| WHAT IS REQUIRED |
Restate the full listing word for word and leave the pictures out.

| GIVEN MATERIAL |
[Start of section]

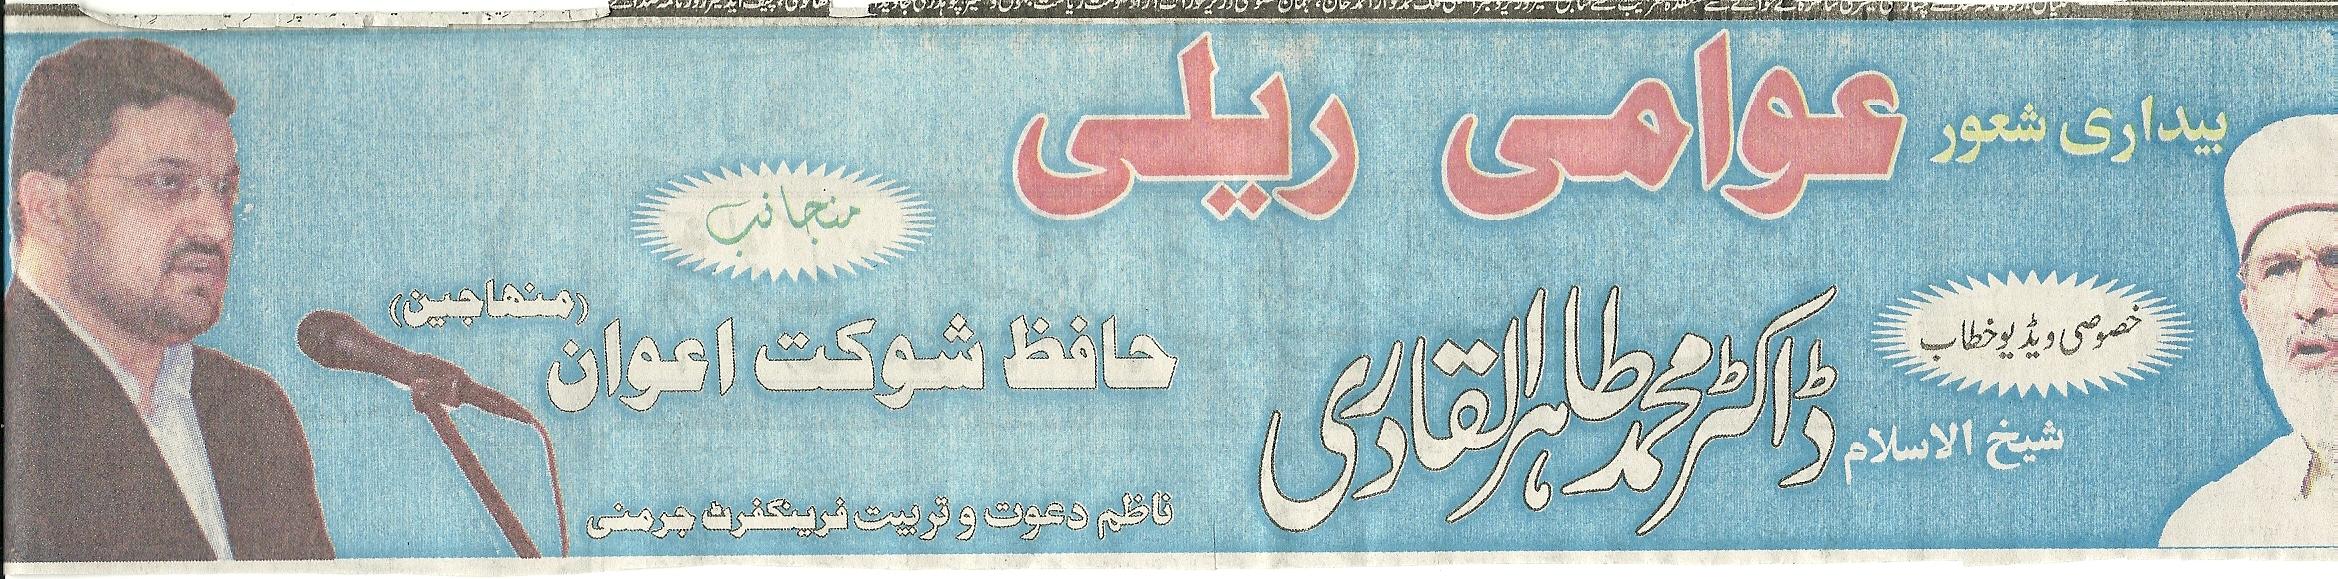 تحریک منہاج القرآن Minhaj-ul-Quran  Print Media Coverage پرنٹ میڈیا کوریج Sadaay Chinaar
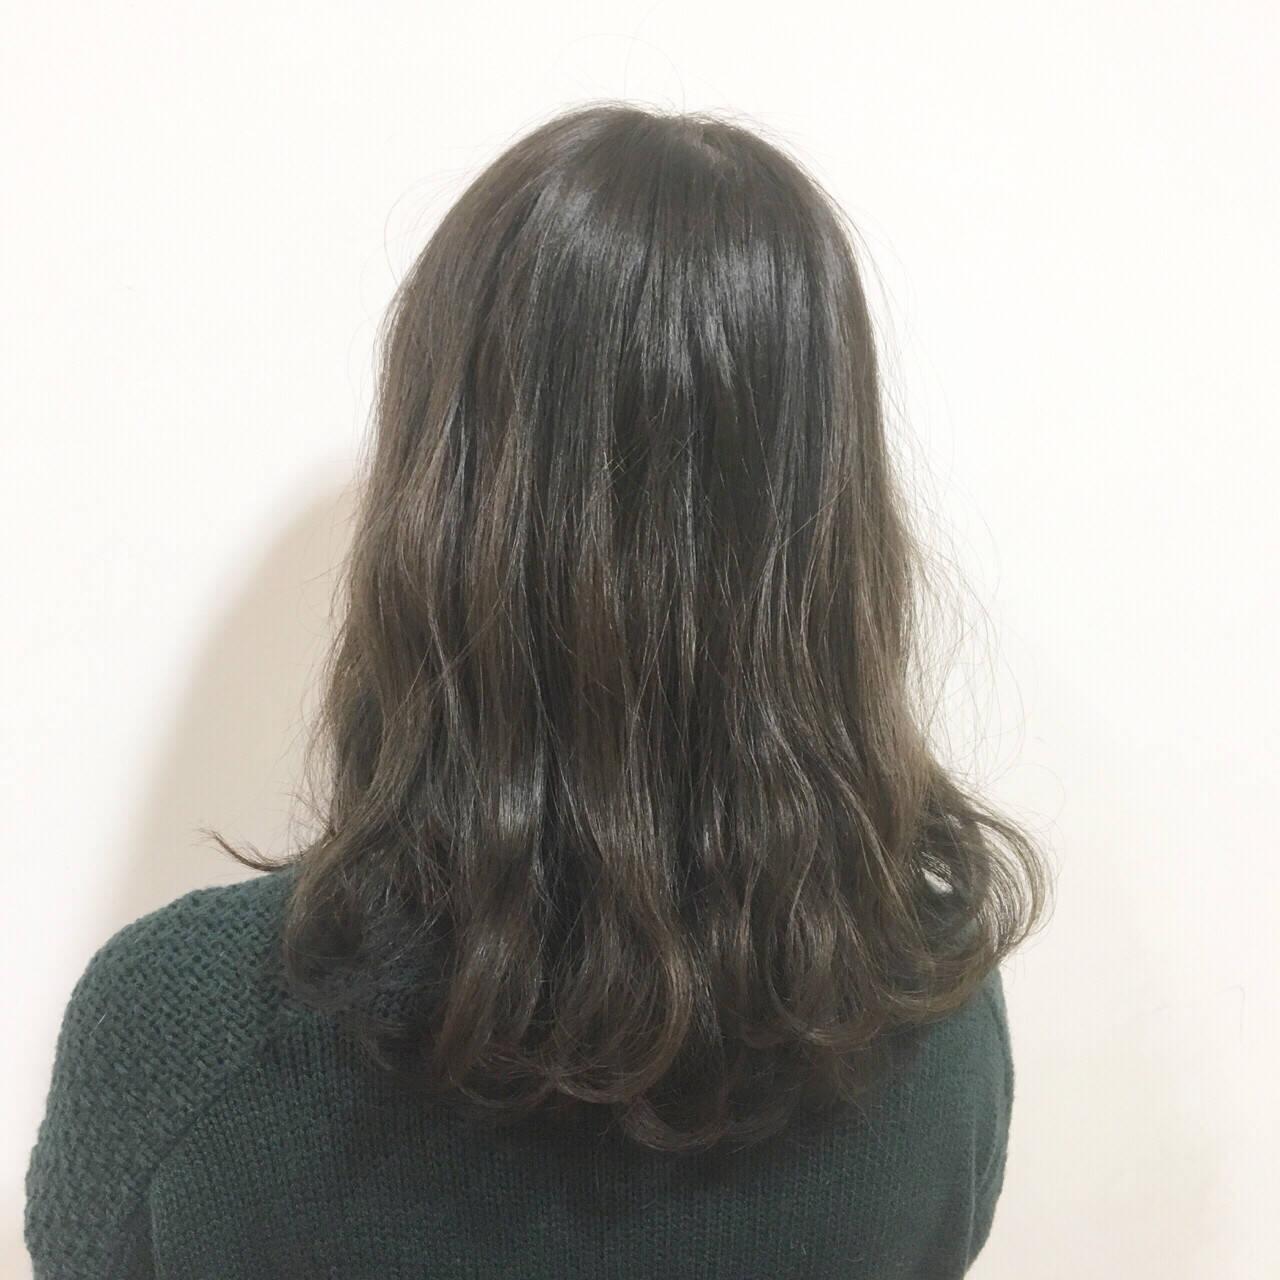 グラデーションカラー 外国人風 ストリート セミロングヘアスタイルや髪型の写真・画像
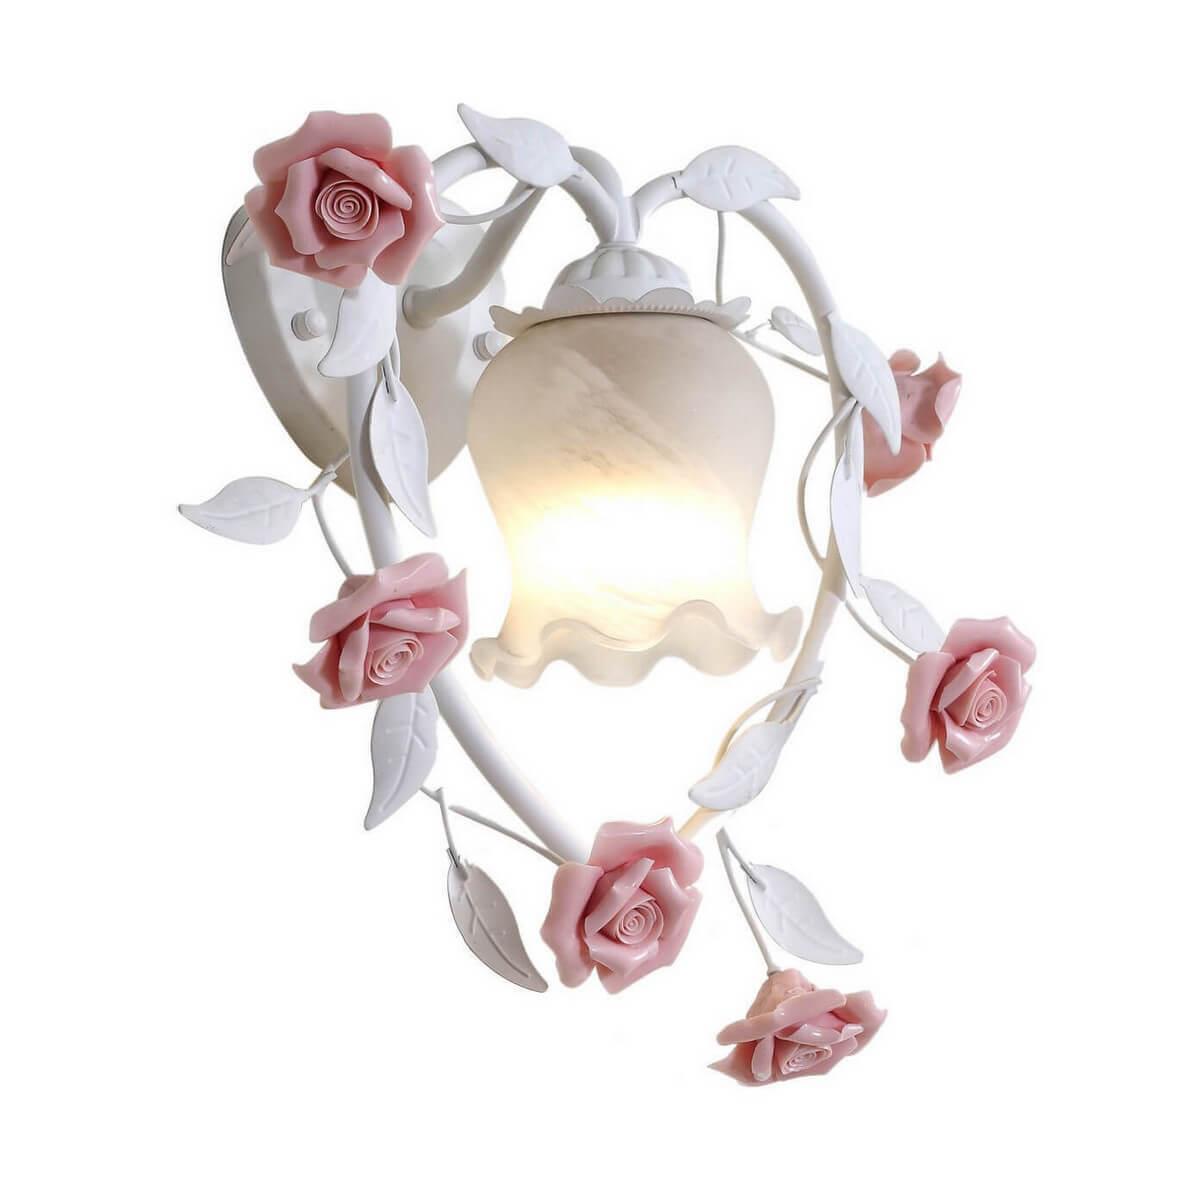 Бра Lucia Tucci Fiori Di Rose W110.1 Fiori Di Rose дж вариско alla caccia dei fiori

[End of section]

| SOLUTION TO THIS TASK |
 تحریک منہاج القرآن Minhaj-ul-Quran  Print Media Coverage پرنٹ میڈیا کوریج Sadaay Chinaar
 グラデーションカラー 外国人風 ストリート セミロングヘアスタイルや髪型の写真・画像
 Бра Lucia Tucci Fiori Di Rose W110.1 Fiori Di Rose дж вариско alla caccia dei fiori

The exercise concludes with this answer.